Долго бился со мной следователь. Но я стоял на своем. Прошло несколько дней, меня вызывали снова и снова. Однако диалог не менялся: следователь просил говорить правду, я молил о расстреле…
И вдруг следователя осенило, и он сказал:
— Вы знаете, что Сталин умер?
Тюрьма на Лубянке была совершенно отрезана от мира. Я существовал в вакууме. Вопрос следователя поначалу испугал меня, но потом в моей голове что-то забрезжило. Следователь дал мне почитать газеты. И я поверил, что Сталина нет и что я выйду на свободу… Через короткое время меня отпустили».
А теперь о самом Семене Николаевиче Ростовском. Имя, отчество и фамилия этого человека выдуманы. Только после того как он умер, мы с мужем — и то случайно — узнали его настоящую фамилию — Хентов138. А звали его Леонид Аркадьевич. Ну пусть Ростовский. Но зачем менять имя и отчество «Леонид Аркадьевич» на «Семен Николаевич»? А может,
Все равно для меня Ростовский по-прежнему Семен Николаевич Ростовский или Эрнст Генри. Под именем Эрнст Генри он издал в Англии в середине 30-х две публицистические книги: «Гитлер над Европой» и «Гитлер над Россией». Книгу «Гитлер над Россией», под заголовком «Гитлер против СССР», перевели в 1937 году на русский и напечатали огромным тиражом. Родители, да и я читали эту книгу взахлеб, ведь в книге было впервые написано, что гитлеровцы могут вторгнуться в пределы Советского Союза и тогда танки Гудериана пройдут по Белоруссии… Без Сталина такую крамольную книгу не выпустили бы никогда, ведь нам внушали, что война будет вестись на чужой территории. Стало быть, косвенно Сталин хотел подготовить советских граждан к тому, что война может идти и на нашей земле!

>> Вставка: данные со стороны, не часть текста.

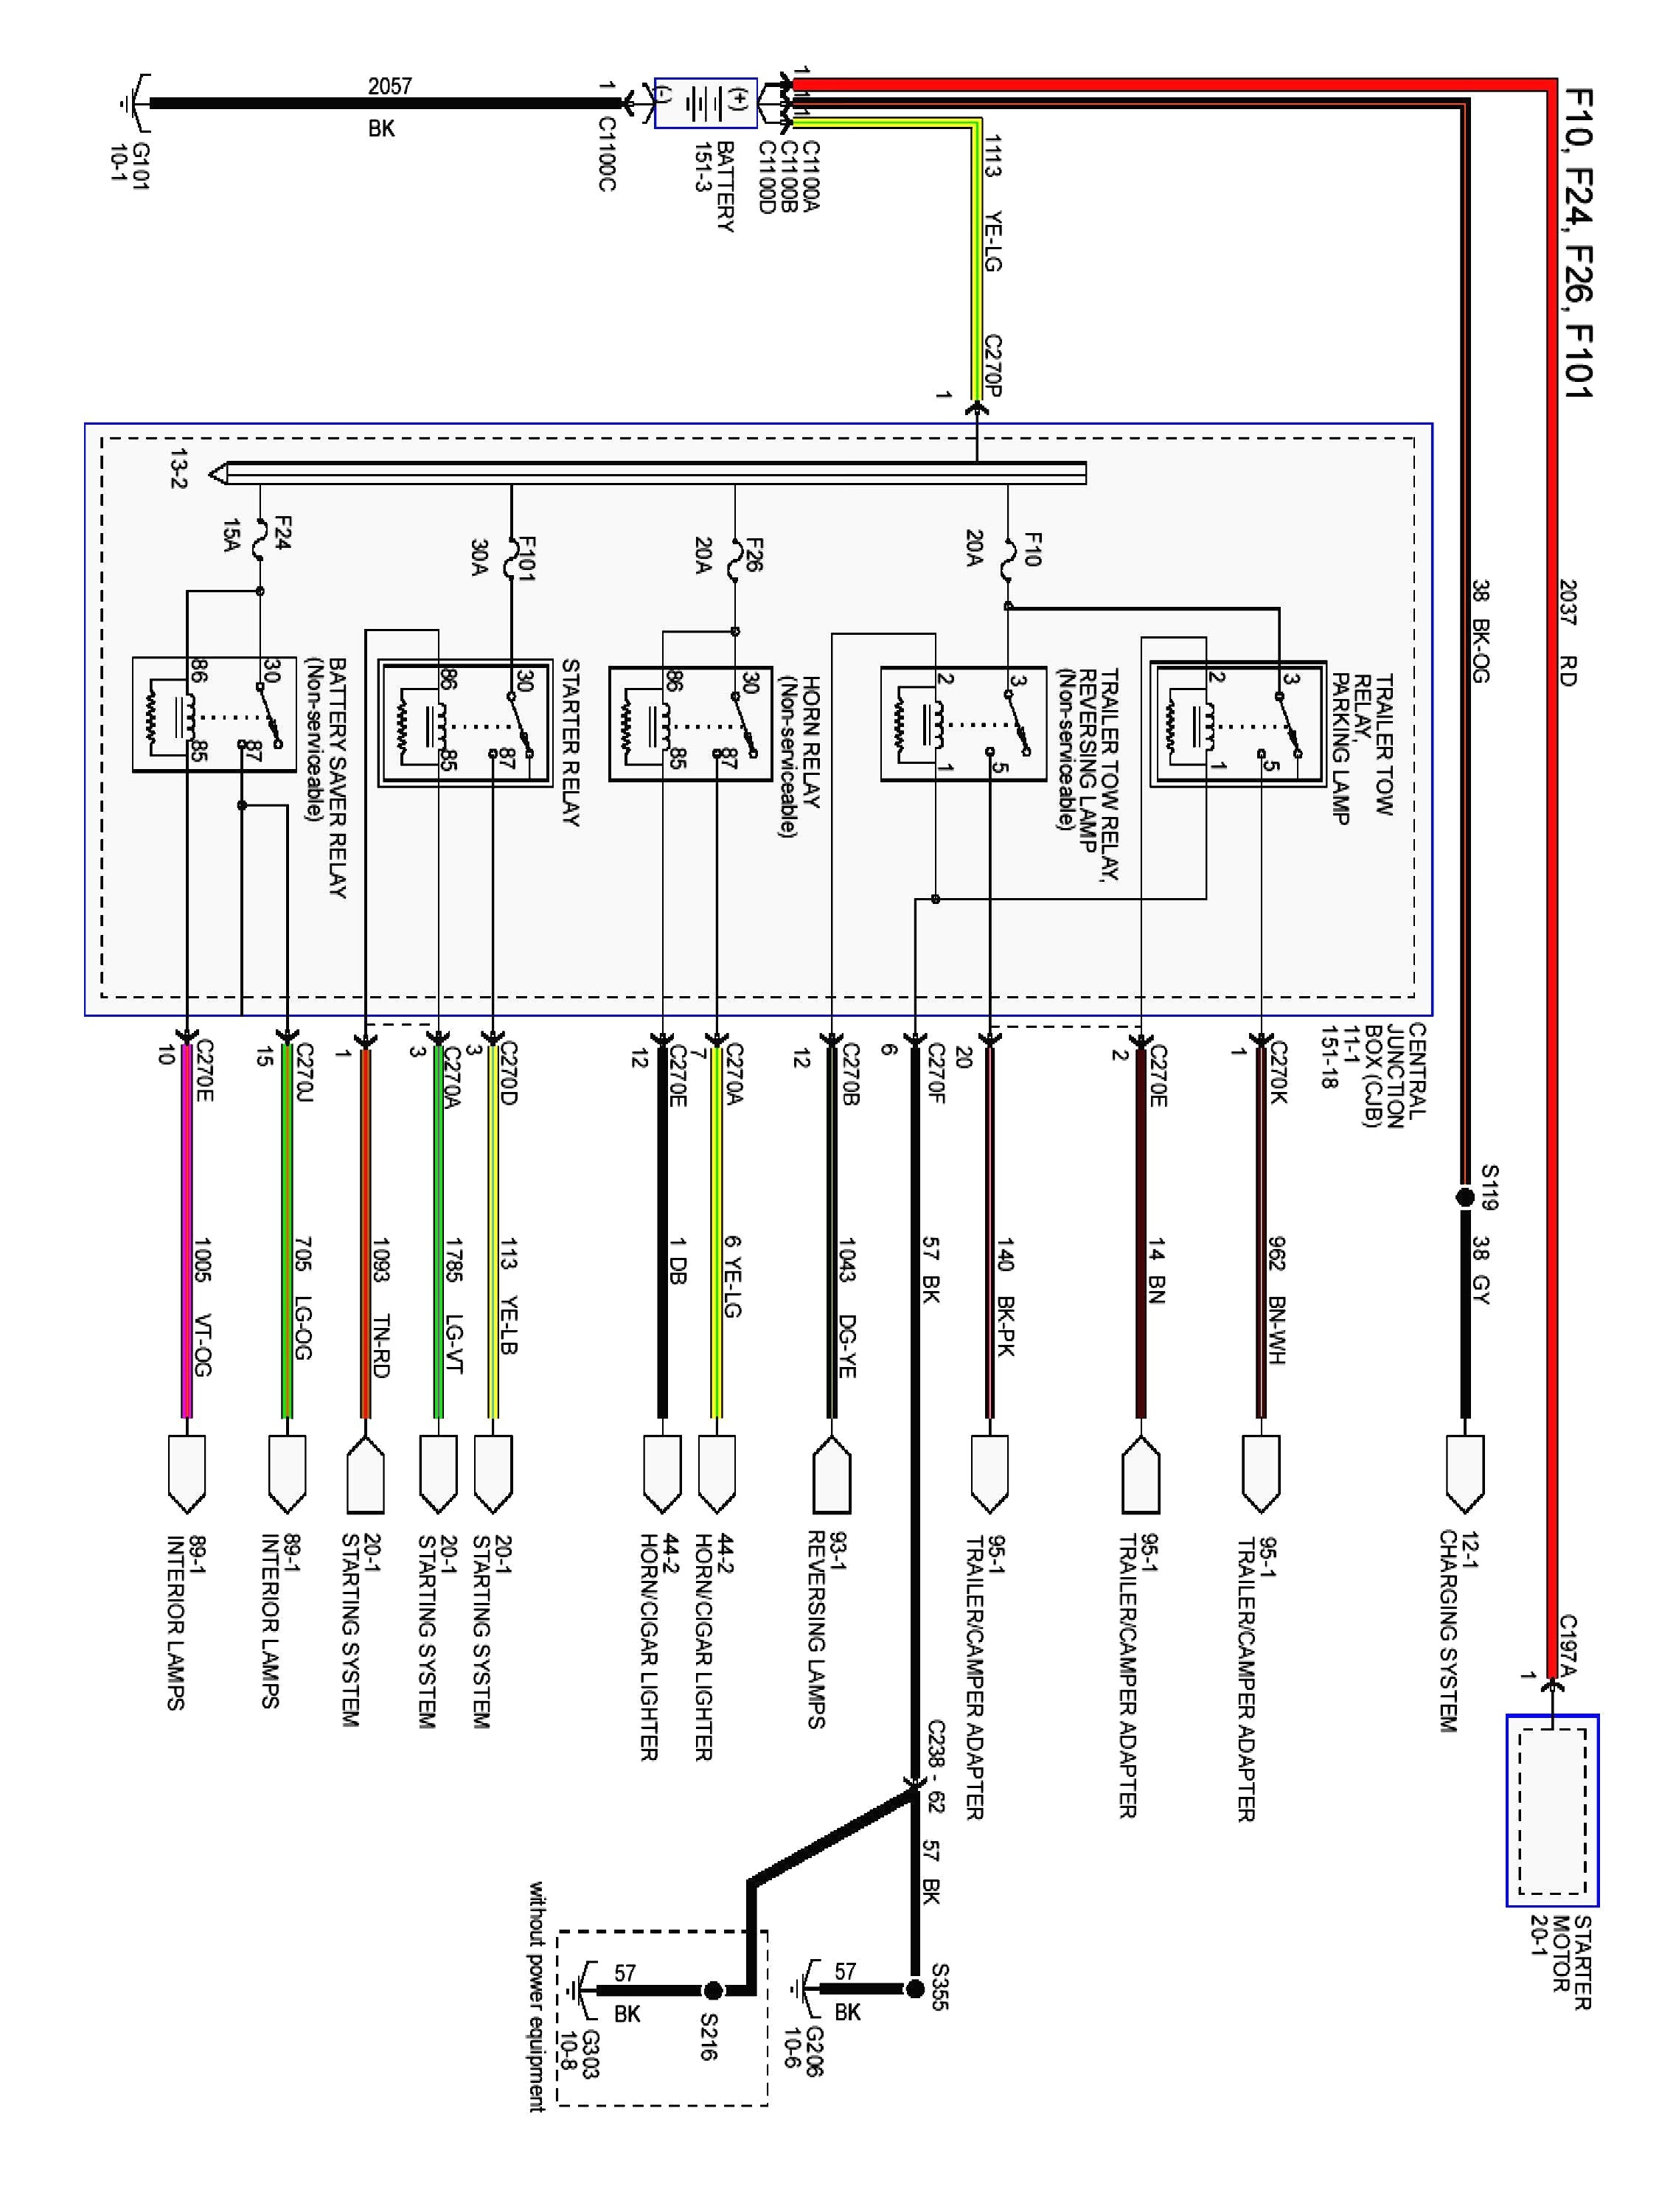 2006 Ford F150 Stereo Wiring Harness Diagram from detoxicrecenze.com

Перо у Ростовского было блестящее. И он был международником от бога. В дни «оттепели» он кроме множества опубликованных статей сочинил одно или два самиздатовских письма против воскрешения сталинизма. Их подписали масса известных людей — от Капицы до Плисецкой! А в 1967 году, как вспоминал А.Д. Сахаров в своей автобиографии139, он с Э. Генри написал для «Литературной газеты» статью о роли интеллигенции и об опасности термоядерной войны. Однако статью зарубили в ЦК КПСС. Но она каким-то образом, по словам Сахарова, попала в вышедший за рубежом сборник «Политический дневник»140.

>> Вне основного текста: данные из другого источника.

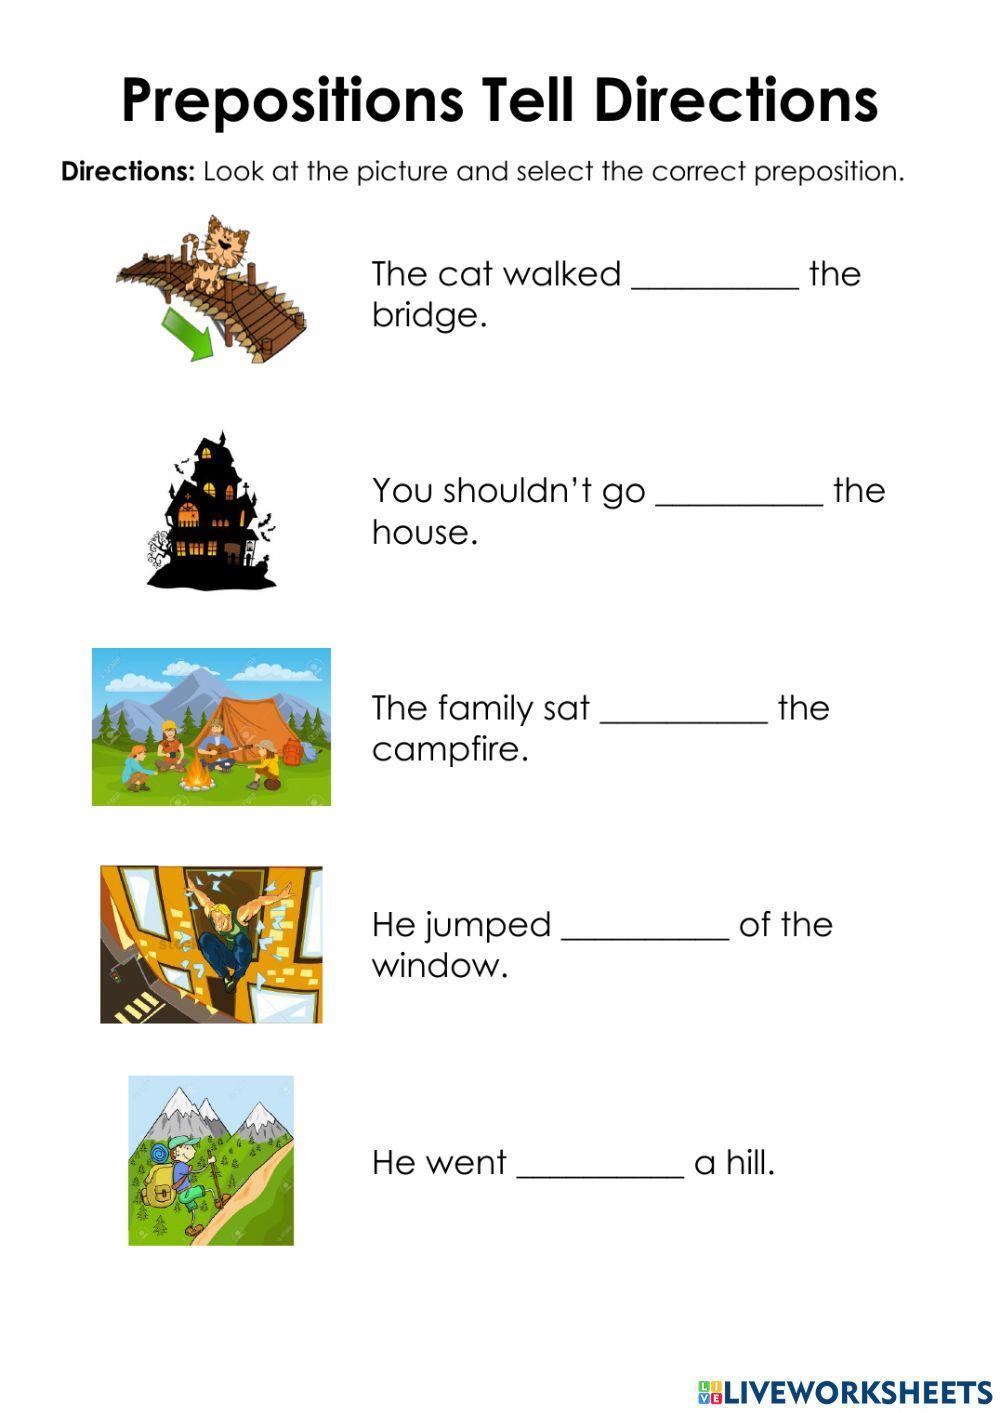 Prepositions Tell Directions

Позже власти то запрещали статьи Ростовского, то опять он бурно печатался. Для меня Семен Николаевич вынырнул из небытия уже вскоре после войны. Что мы о нем знали? Ничего.
Он появлялся то у нас, то у Беспалова, то у других общих знакомых. Писал и в «Новом времени», и в «Литгазете», и в редакциях Радиокомитета.
Только в 1988 году в латвийском журнале «Даугава», который в Москве воспринимался чуть ли не как «тамиздат», известный международник Виталий Кобыш141 и сам Семен Николаевич попытались рассказать о прошлом Эрнста Генри.
Естественно, ни о какой полной биографии речи не шло. Где родился? Прочерк. Кто были отец с матерью? Прочерк. Где учился? Опять прочерк. Из биографических данных Кобыш приводит только одну: год рождения 1904-й. И тут же рассказывает, что в 1923 году, побывав в Турции, Ростовский написал книгу «Анкара». Иными словами, уже был послан в Турцию, уже успел разобраться с кемалийской революцией 1918 года и с политикой ее главы Ататюрка. И издал в Германии свою книгу. И все это в 19 лет. Вернее, в 18. Все-таки год ушел, наверное, на написание «Анкары».